Sales of new homes rose in January and inventory remained robust. Median prices were up even as some builders continue to offer buyer incentives.

February 26, 2024
3 minutes

Key points:

  • The U.S. Census reported a seasonally adjusted annual rate of 661,000 new single-family home sales in January.
  • here were 456,000 homes for sale at the end of the month, equating to roughly 8.3 months of supply.
  • Homebuilders are feeling more confident but still offering incentives like mortgage rate buydowns to help close deals.

According to the latest figures released today by the U.S. Census Bureau, January logged a seasonally adjusted annual rate of 661,000 new single-family home sales. This represents an increase of 1.5% from the previous month and 1.8% from the same period a year prior, but a decline from 2023's high of 728,000 new home sales in July.  

The median sale price of new homes that closed in January was $420,700, which is slightly higher than the $413,100 median price reported for December, but lower than November's median of $428,300.

At the end of January, there were approximately 456,000 new homes for sale, which translates to roughly 8.3 months of supply at the current sales rate. This monthly inventory figure remained unchanged from December. 

Inventory for new homes remains strong compared to existing homes, which ended January with only around three months of supply.

"The new home market has been doing particularly well over the past couple of years because the inventory of existing homes for sale has been so low," said Dr. Lisa Sturtevant, chief economist for Bright MLS. "Last year, new homes accounted for about 30% of the total available homes for sale in the U.S."

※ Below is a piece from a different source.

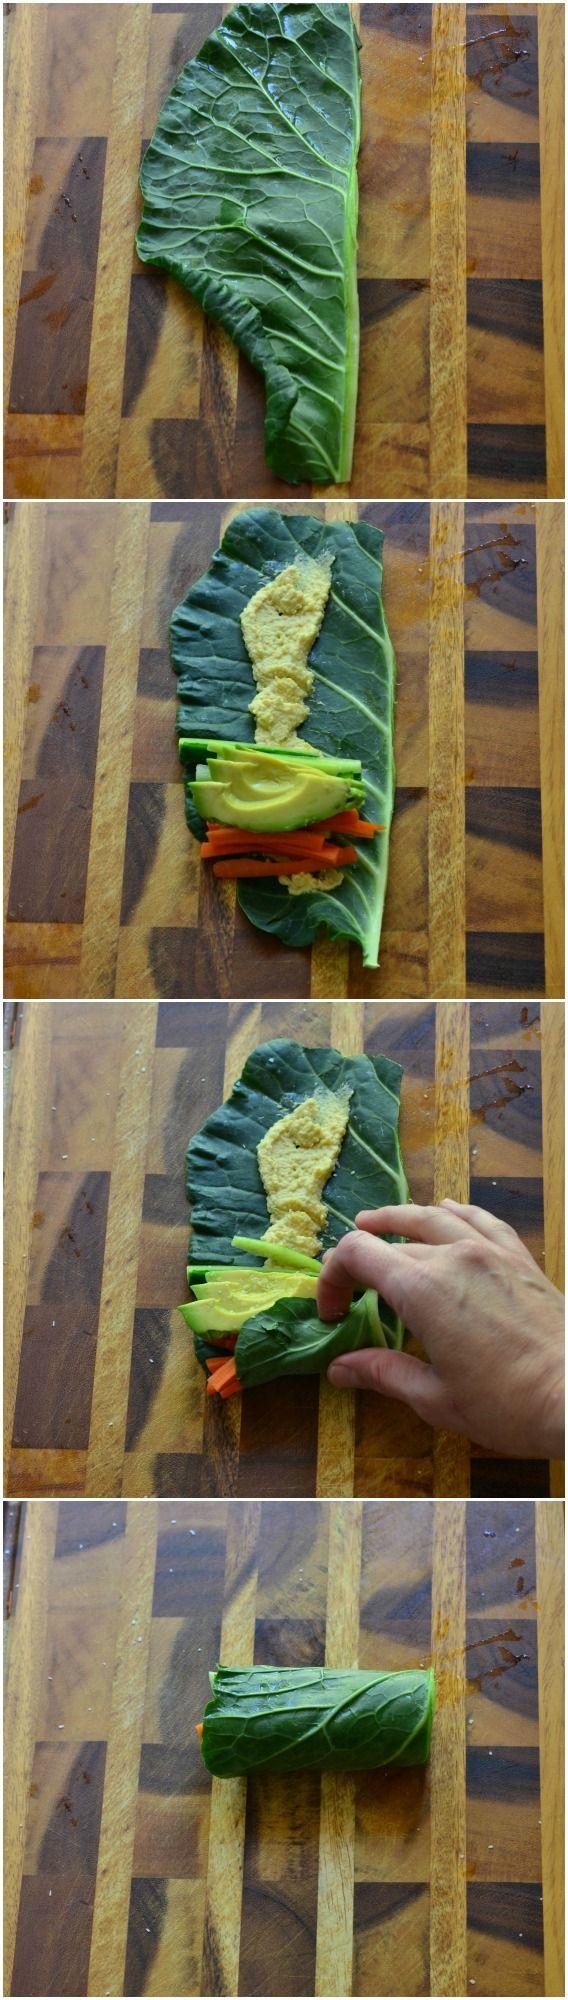 . #vegan #recipe #healthy #vegetarian #recipes

Sales and builder confidence up, home sizes down

The slight bump in new home sales in January follows improving homebuilder confidence. Builder sentiment had declined significantly in the fall, coinciding with peak mortgage rates that worsened affordability for many buyers, before improving two months in a row to hit the highest level since late last summer.

But homebuilders are still offering attractive incentives to buyers, particularly mortgage rate buydowns which help reduce the monthly mortgage payment and overall interest paid during the course of the loan term for homebuyers.

"In the new home market, builders have often been able to offer to buy down a buyer's mortgage rates, subsidizing the mortgage payment and making it easier for them to get into a home," Sturtevant said of the trend. "Record profits in recent years have made it possible for builders to offer these concessions. But builders are also cutting prices and building smaller homes."

This "shrink-flation" in new home footprints means that differences in new and existing home sales don't necessarily reflect an apples-to-apples comparison, ING Chief International Economist James Knightley told Real Estate News.

"You're not really comparing the same thing because a new three-bedroom townhouse may be very different from an existing three-bedroom townhouse, which historically was much bigger," he said.

Mortgage rates key to home sale trends

The combination of builder incentives and mortgage rates under 7% have likely contributed to the increase in new home sales — but buyers and homebuilders who are counting on stability in the mortgage market could be in for an unwelcome surprise, Knightley said, hinting that there could be more economic turbulence in the case of a hard reversal from the Fed.

"I guess the key concern for us right now is that the prospect of interest rate cuts from the Federal Reserve has really been scaled back since the start of the year," he said. 

"If the economy stays hot and if inflation stays stickier, then there is that risk that mortgage rates don't go down. In fact, they could go even higher and that could translate into more pain for the property market."